Postby JackRiddler » Wed Mar 14, 2012 8:38 pm

Elihu's choice of out-of-context fragment from JackRiddler wrote:
Do you propose a confiscation of all gold jewelry prior to this minting of new coins,


Elihu wrote:always the god-like power of the state with you isn't it?


If you cut off my words and radically re-interpret them to the opposite of my clearly intended meaning, I suppose.

This isn't the first time. You are a dishonest actor.

.

Elihu also evaded the question, which I repeat not in the hope that he would give an honest answer, or even to address him any more, as he does not merit it. (Elihu had best stay away from me, and if he-she-it wishes to quote, had best quote in full, as it-she-he clearly cannot be trusted to do right.)

But for other readers, to show the problem with gold delusions:

50+ percent of gold is in jewelry.
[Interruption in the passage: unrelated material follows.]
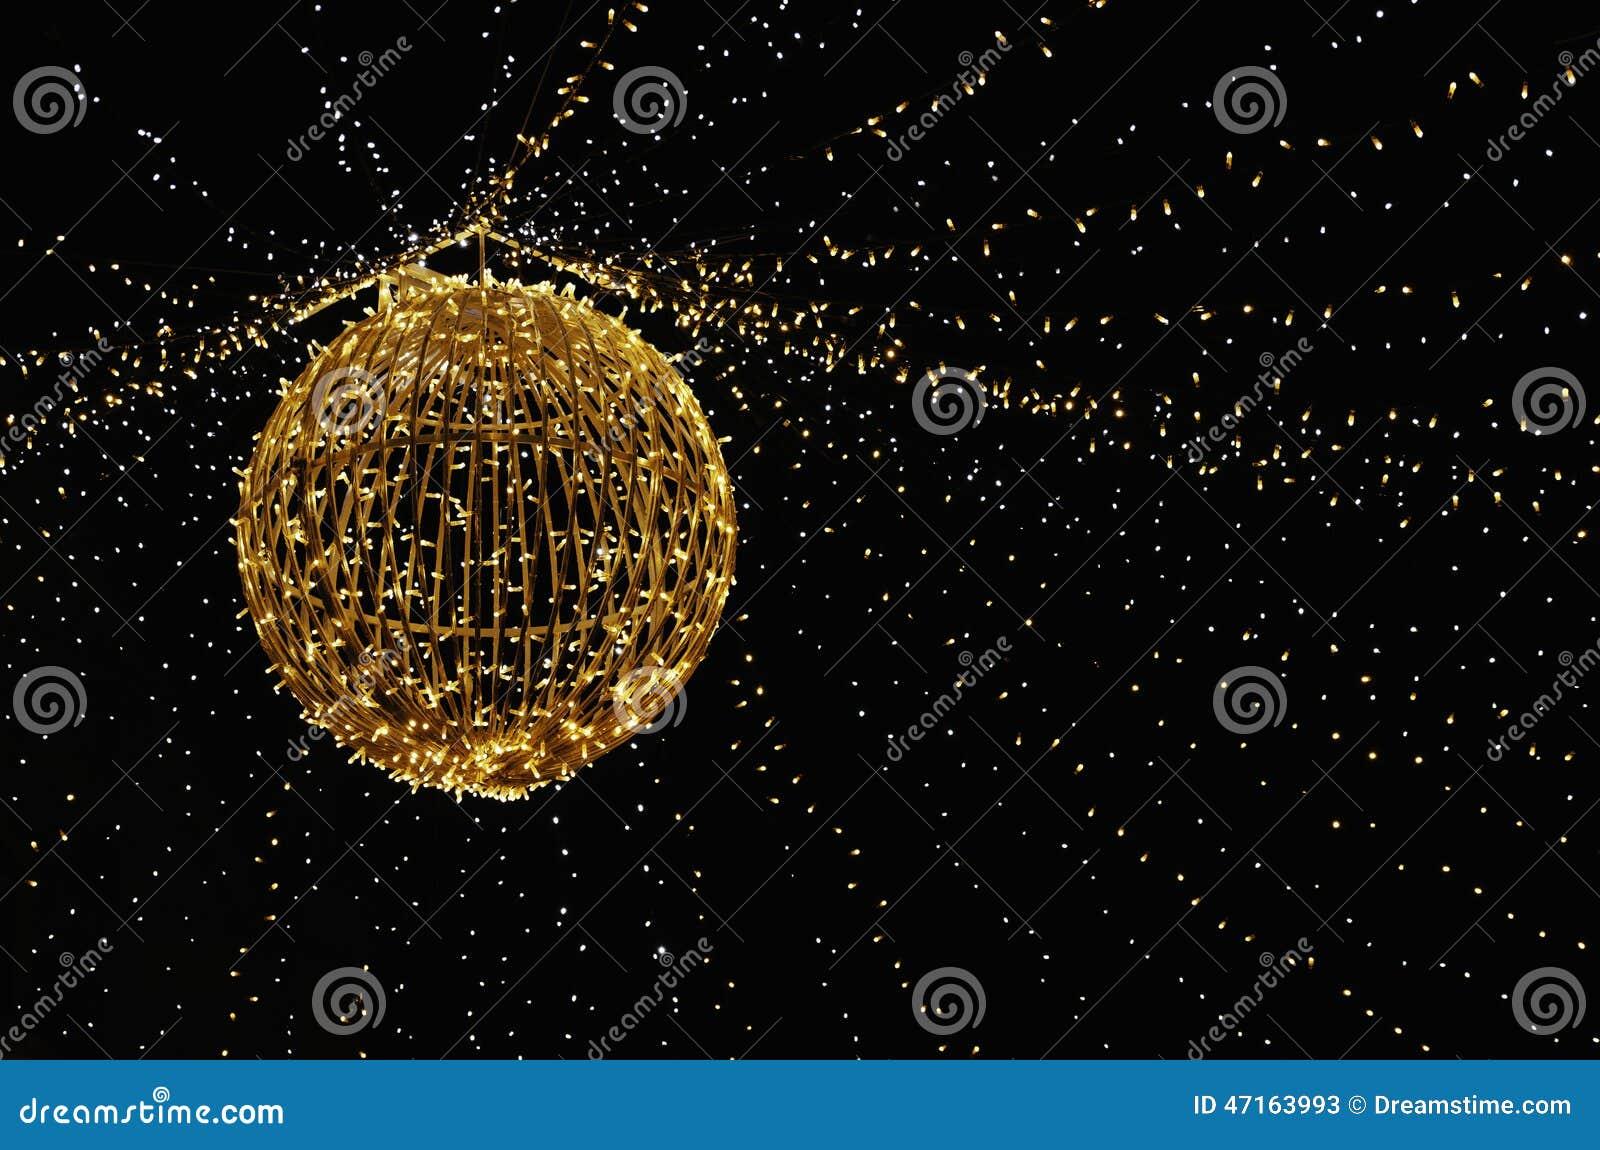 download twinkling christmas lights stock image image of twinkling 47163993

Elihu underlines that no more than a fraction of the gold already in circulation can be added in any given year by gold mines*

Should people who own a lot of jewelry be the new ruling class? What about the gold ETFs, should they get to corner the market on money itself? Should gold mine owners like George Bush Sr. (part owner of Barrick International) be the new central banks?

* Death-labor camps of a sort that the freedom-loving anti-statist goldbug libertarian constitutionalists don't seem to mind.

Image
Congo

Image
Barrick armed guards in Dominican Republic.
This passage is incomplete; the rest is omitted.